Anand Patil, district collector of Nilgiris, talks of other plans. "Sand and stone mining will not be allowed in a protected area, but the other demands of Masinagudi are being sorted," he says. The administration has agreed to build a check dam for people of Moyar and has also agreed not to interfere with the collection of minor forest produce 400-500 sq metres outside the sanctuary. "In case of emergency villagers will be allowed to go past checkposts at night," he says.

The issue of grazing rights has also not been sorted out. "We will discuss the matter with the Tamil Nadu government," Patil says.

Rampant tourism
"There are vested interests behind the opposition to the declaration of the buffer zone.

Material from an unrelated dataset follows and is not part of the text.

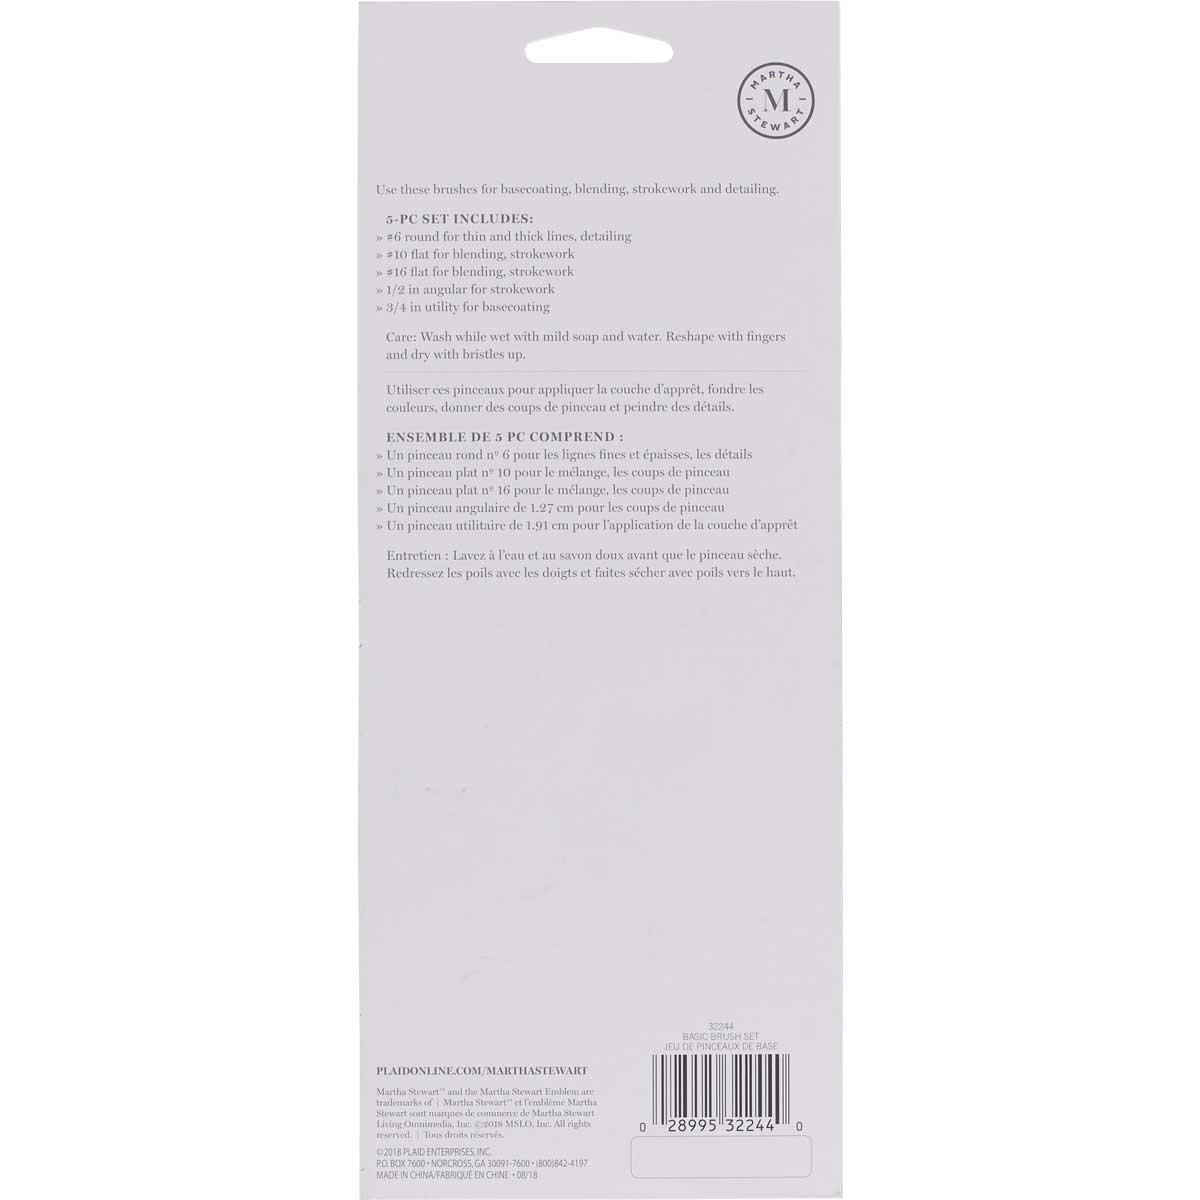 Martha Stewart ® Brush Sets - Basic Brush Set - 5 pc. - 32244

Every day people trek into forest illegally. If a village forest committee with forest officer is made in charge of tourism, this will stop. At present resort owners control trekking and tourist jeeps. They are those who stand to loose once a buffer zone is declared," contends N Mohanraj, Cordinator for Nilgiris and Eastern Ghats Landscape of the World Wildlife Fund, Masinagudi. He has a point. There are 50 resorts in Masinagudi and the adjoining villages of Bokapuram, Mavanhalla, Vazhaithotam and Chokanhalli. In Bokapuram buildings erected by outsiders have come up too close to the protected forest.

Tourism has its downside. Nilgiris Biosphere Fading Glory, the report of a study conducted by the Bangalore based ngo Equations, notes that prostitution is rampant in the resorts. Local people are employed in only menial jobs, the study shows. The report notes more than 150 wild animals are killed on the Mysore-Ooty road between April and June every year.

Wildlife experts say that the resorts have mushroomed because the forest department has not provided accommodation in the protected area. "Some resorts that will stand to lose some of their treks and other activities once the buffer zone is notified, but there also resorts that want there activities legalized,'' says Nigel Otter, a wildlife enthusiast from the region.

Mohanraj believes that channelling tourism through eco-development councils will take care of a lot of problems. Once the councils are formed in the buffer all tourism benefits will go the local people. "If only people begin to see the benefits they will protect the forest because they alone can protect it. The government has spent Rs 1 crore per tiger, if the majority of this amount was spent on people living around tiger reserves then they would want to save the tiger,'' he says.